When they called that girl’s name in the town square, she was so frightened and alone and you so strong and so much more able to do what was needed to survive, or so you thought. You took her place and when it finally sank into your skin and your blood and your bones what you had done, when you saw your Gran’s tears, you ran. You ran to the salt sea and you didn’t stop running until it was over your head, dragging you under, except that even then, you could swim like no other.
Peacekeepers caught up to you. They pulled you from the sea and they took you away, so impossibly far away. You barely had time to say goodbye to your Gran, to promise her that you would try to come back, to come home.
They tried to take the sea from you. They washed your skin and your hair in soft perfumes and oils, but no matter what they did, the sea remained, a part of you, indivisible and insoluble. Those who did not understand, who could not understand, surrounded you, but even so, you were not alone, for there were those few with you who were themselves creatures of the sea: A woman like your mother, whom the sea had not yet taken home. A boy who could be your brother, who, in his way, thought he was and followed you to this soulless, sealess place, with its false colors and its false lights and its false life. And there was another boy, a little older, a boy who could be your everything and in whom the sea raged.
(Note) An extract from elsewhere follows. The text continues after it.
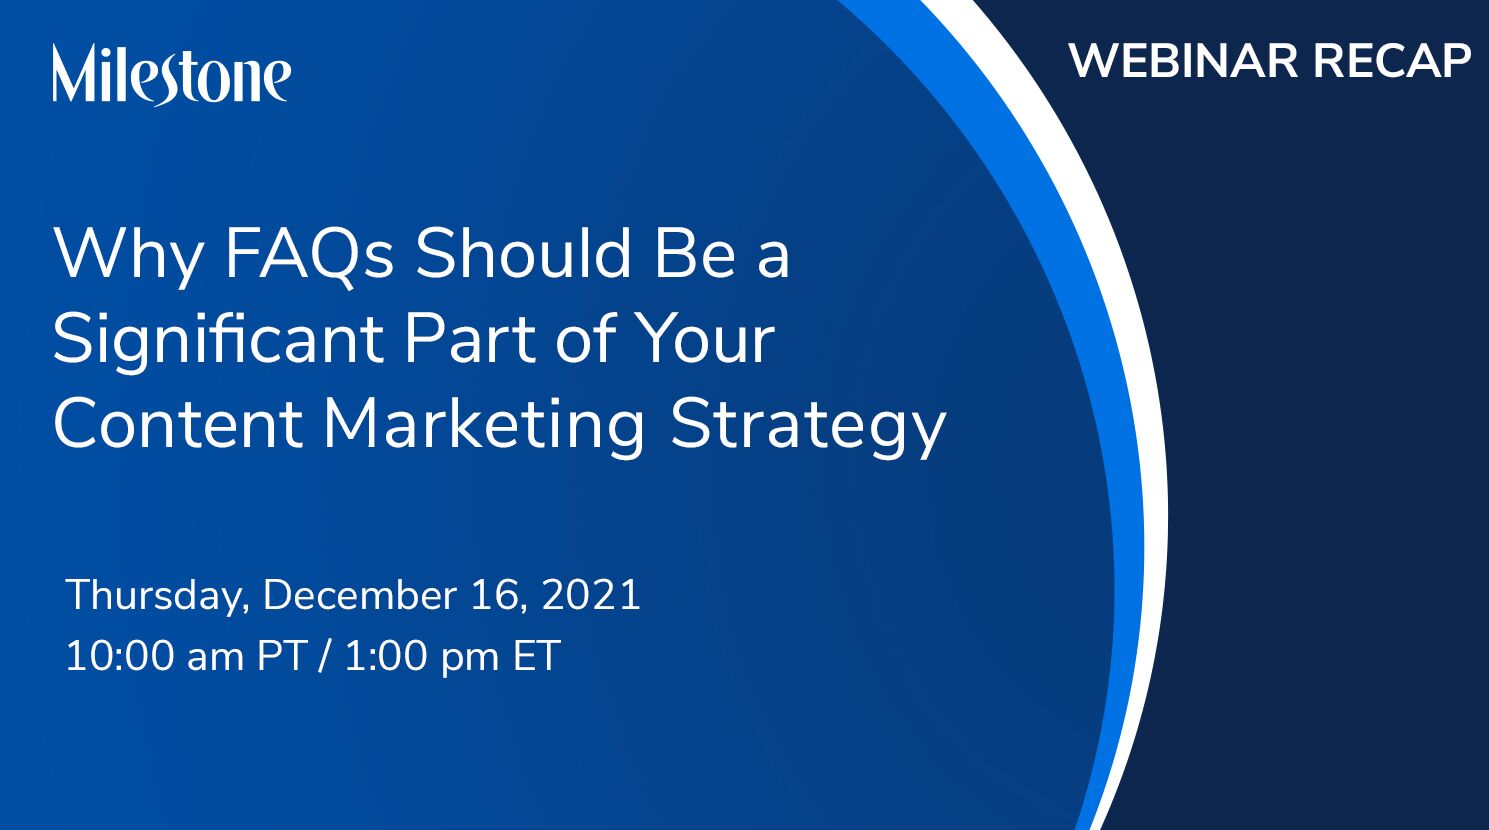 Milestone Webinar Recap: Why FAQs Should Be a Significant Part of Your Content Marketing Strategy

They left you on the edges of a caldera, its waters deep and dark, a cousin to your friend, your protector the sea, but there was nothing in it of salt. There was nothing in it of home.
You stayed with the pack, you and your would-be brother, until another boy tried to take your life, tried to slit your throat in your sleep. But you took his life instead, gave back to him his own knife and watched in horror as he bled out in the sand. You killed him, but your would-be brother told the others that it was he who did the killing and for that they killed him. You ran. You ran and you hid on the shores of that caldera and you wished for the salt of your home.
You knew that time passed, it must have passed, it had no choice but to pass. You grew thinner and weaker; you knew hunger, such grinding hunger, but never did you thirst. You dreamed, of the sea, of your Gran, of the boy who died and of the boy you killed, and you couldn’t stop dreaming, even when you were awake.
You thought it was a dream when the ground shook, when it shook so hard that you could not stand upright and the walls of dirt and stone that held back the waters of the caldera, deep and dark, broke. What started as a trickle soon grew into a watery juggernaut, sweeping away all in its path, you included.
Forever you tumbled in the cold and dark water, and you knew her as well as you knew yourself. You embraced the water, let her take you where she would. And her embrace led you again to your home, forever changed, but forever a part of you, the cold and dark of the saltless sea mingling with the warmth and light of the salt.
But it was not yet time for her to bring you home to stay.